YOUR INSTRUCTIONS: Start with the line that holds "John Lennon Imagine". Please copy it and each remaining line below exactly, leaving pictures out.

SUPPLIED DATA:
——
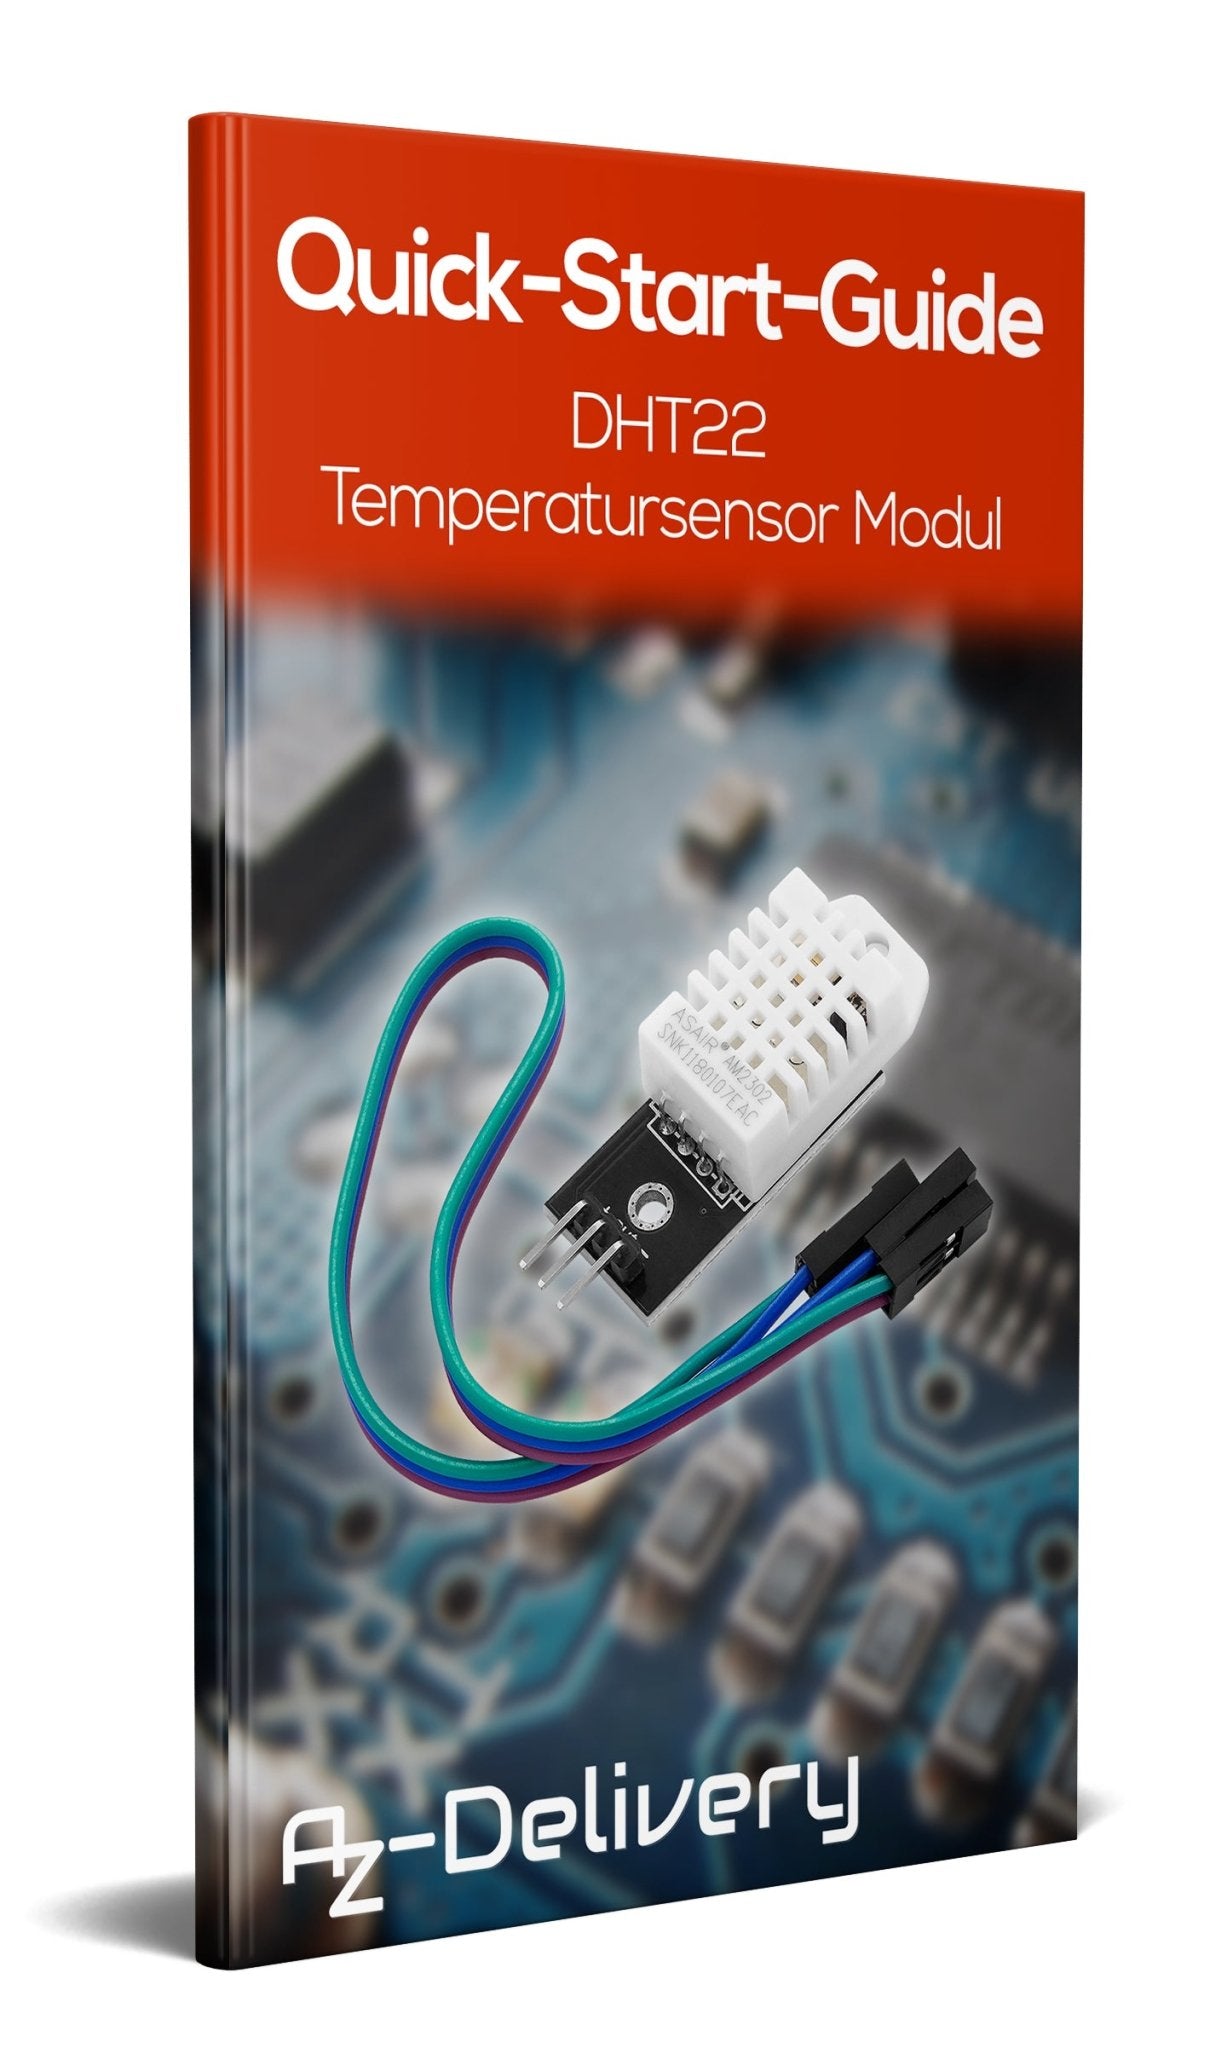 DHT22 AM2302 Temperatursensor und Luftfeuchtigkeitssensor mit Platine und Kabel - AZ-Delivery
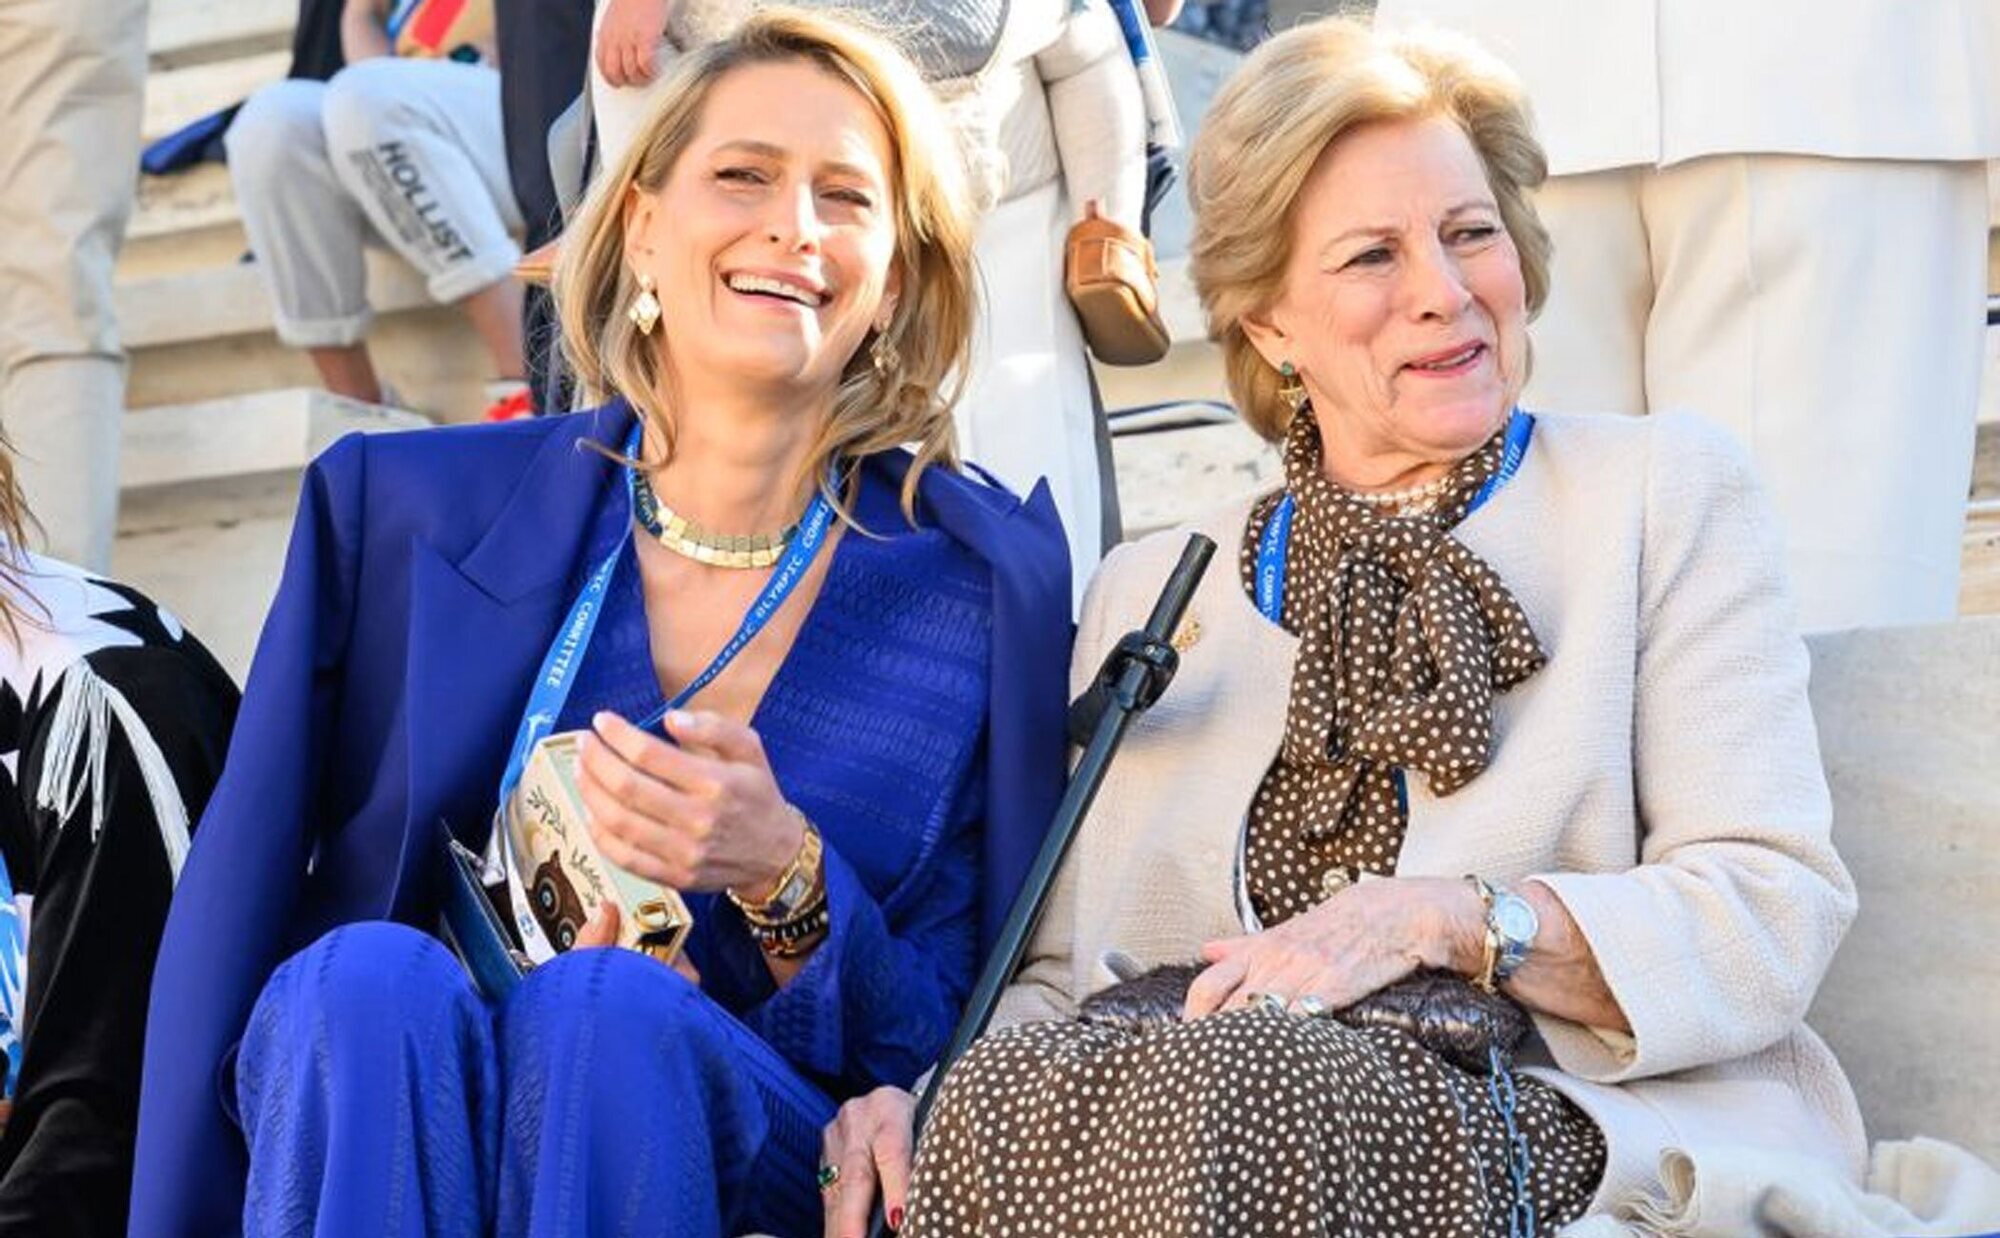 Ana María de Grecia y Tatiana Blatnik muestran que siguen siendo suegra y nuera pese a la ruptura con Nicolás de Grecia
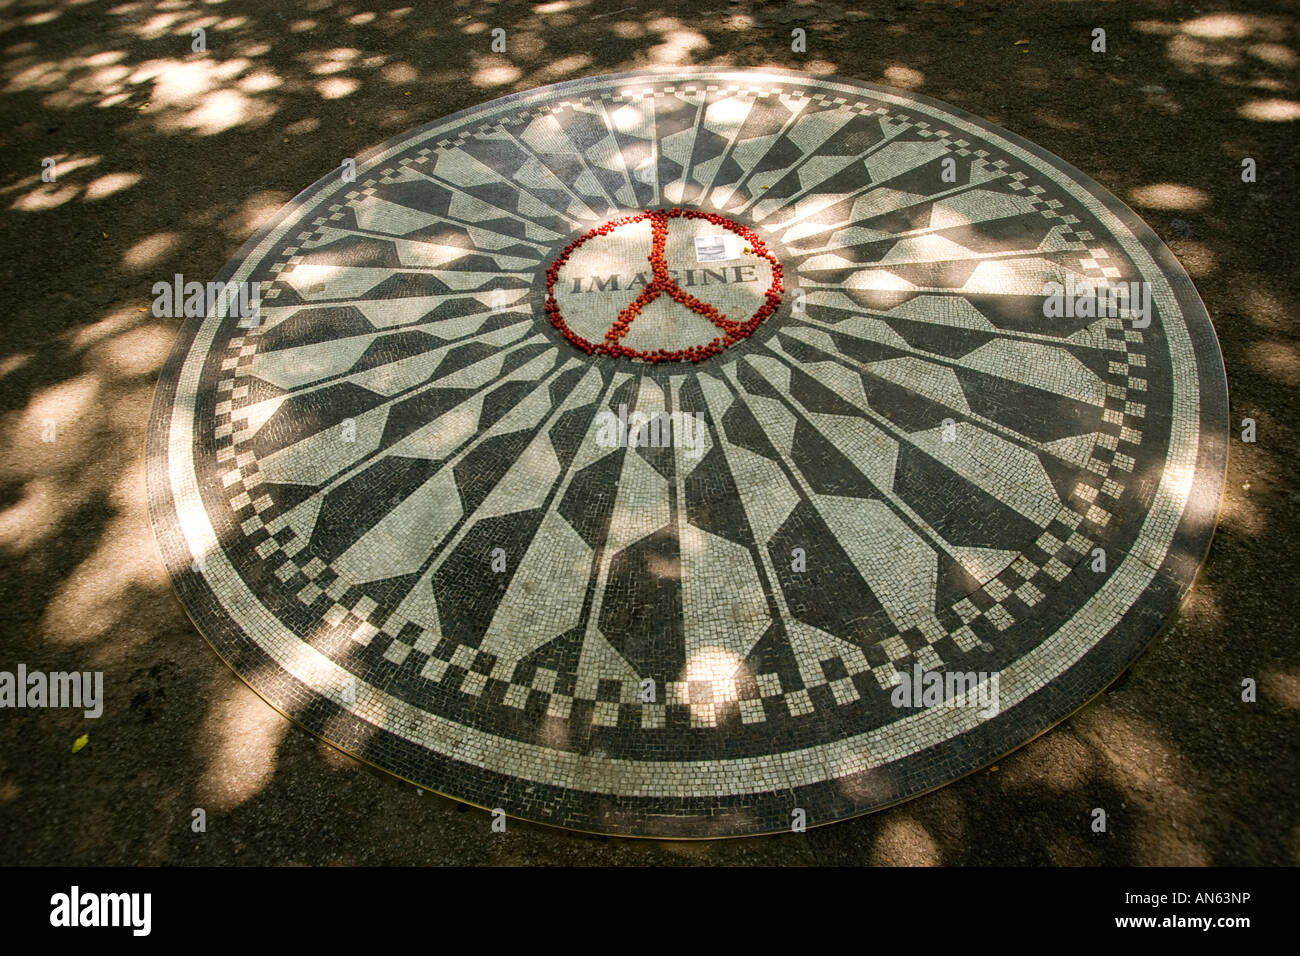 John Lennon Imagine Mosaic in Strawberry Fields Central Park, New York Stock Photo
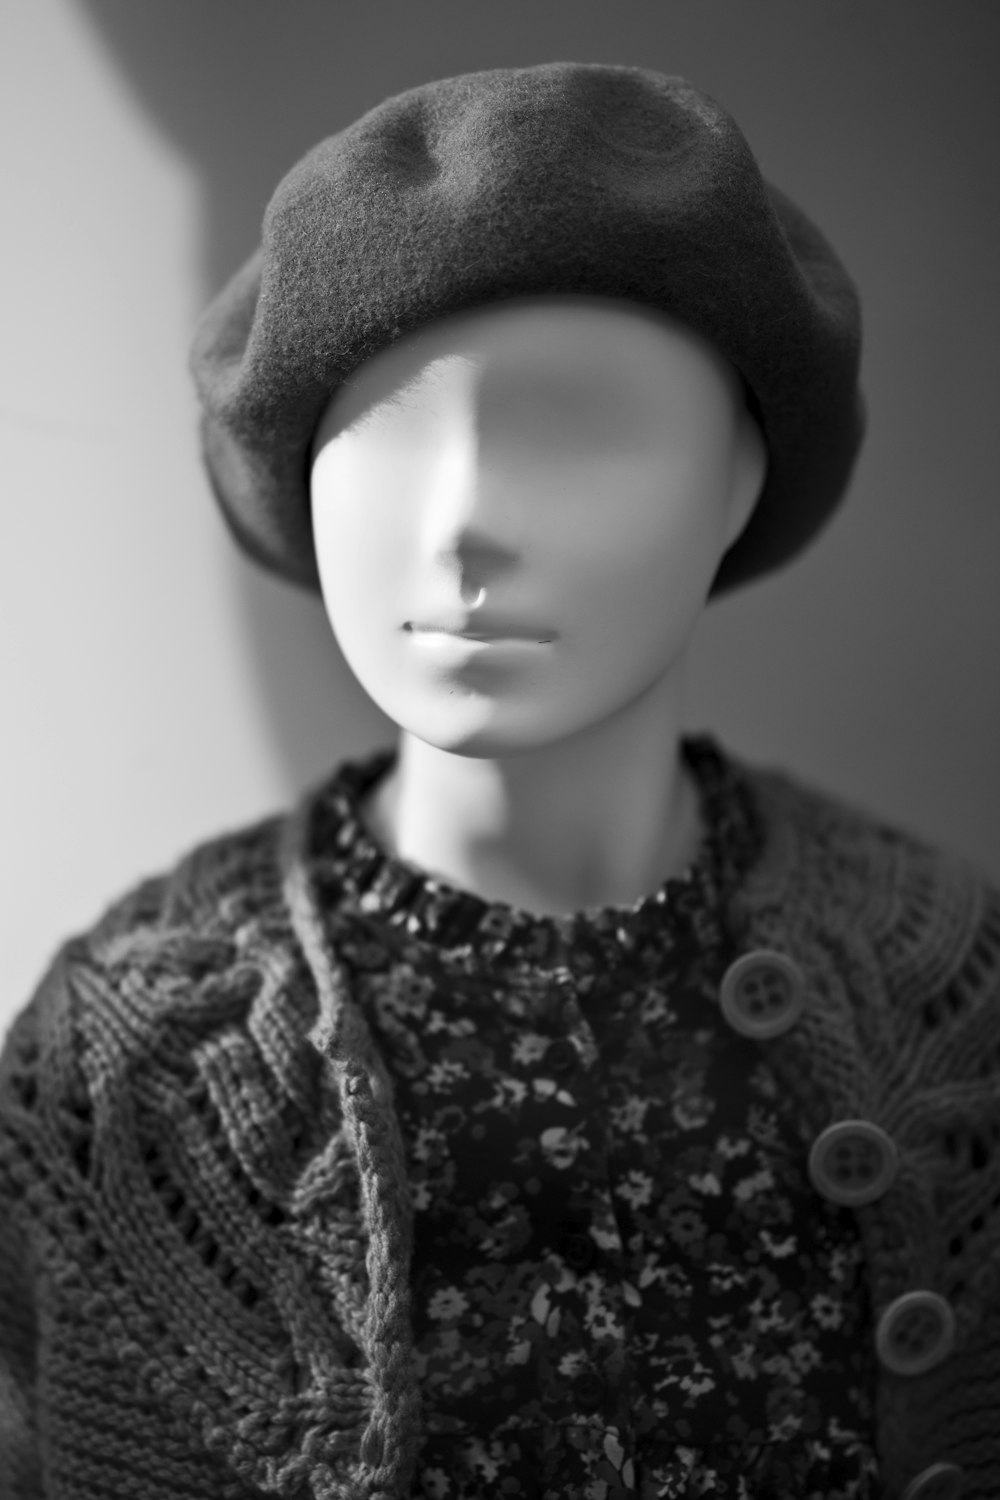 니트 모자와 니트 셔츠를 입은 여자의 그레이스케일 사진
——
SOLUTION BELOW:
 John Lennon Imagine Mosaic in Strawberry Fields Central Park, New York Stock Photo
 니트 모자와 니트 셔츠를 입은 여자의 그레이스케일 사진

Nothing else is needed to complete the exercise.